Dextre, the Canada Space Company's automatic "handyman" on board the Worldwide Space Place (ISS), made space history last night by successfully refueling a mock satellite on the external of the station. Leading off the satellite's fuel tank was the critical task in the trial Robotic Refueling Objective (RRM), a cooperation between the Nationwide Aeronautics and Space Management (NASA) and the Canada Space Organization (CSA) to show how robots could assistance and refuel satellite on location wide to boost their useful life-time.

For RRM, NASA's Goddard Space Flight Center developed module simulating a satellite, as well as customized equipment for Dextre. Since RRM functions started in year 2011, Dextre has conducted three sequence of assessments to show how a software could assistance satellite, which were developed never to be started out wide. In this newest set of functions, Dextre eliminated two safety hats, cut through two sets of slim maintaining cables, and lastly moved a small variety of fluid ethanol into the cleaning machine-sized component. The latter move was particularly challenging, since managing fluids wide required perfect perfection to prevent risky leaking.
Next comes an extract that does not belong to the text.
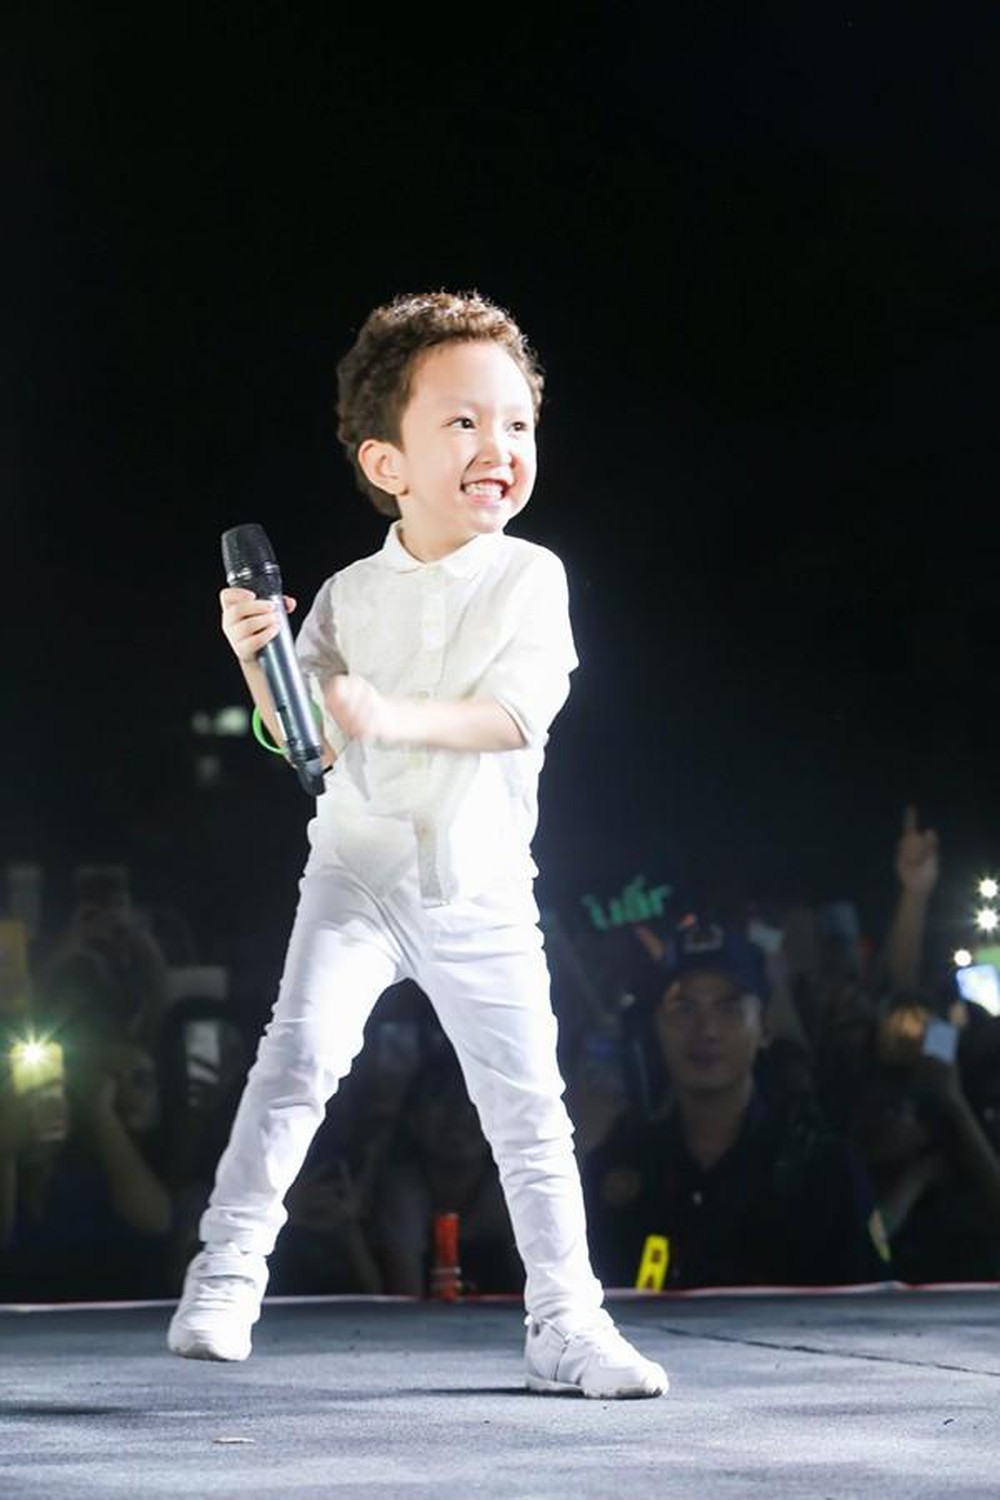  
Chỉ mới 5 tuổi nhưng Su Hào đã sớm bộc lộ sở thích về âm nhạc. (Ảnh: FBNV) - Tin sao Viet - Tin tuc sao Viet - Scandal sao Viet - Tin tuc cua Sao - Tin cua Sao

The specific resources built for the job permitted Dextre to close the relationships between the tool and the petrol device to remove the likelihood of leaking. Including to the level of problems was the petrol hose itself, which contributes extra causes that usually take Dextre's hands. It took the mixed skills of the experienced NASA and CSA robotics remotes to take off this first-of-a-kind space refueling display successfully and without any accident.

RRM is a important step in revolutionary automatic technology and techniques in the field of satellite servicing-saving troubled space components by refueling or renovating them before they become space trash. The ability to refuel satellite wide could one day save satellite providers from the important costs of building and releasing new alternative satellite. With over 1100 active satellite currently managing in the near-Earth environment (many of them worth hundreds of millions of dollars), and an extra 2500 non-active satellite still revolving about around the world, the benefits could be significant.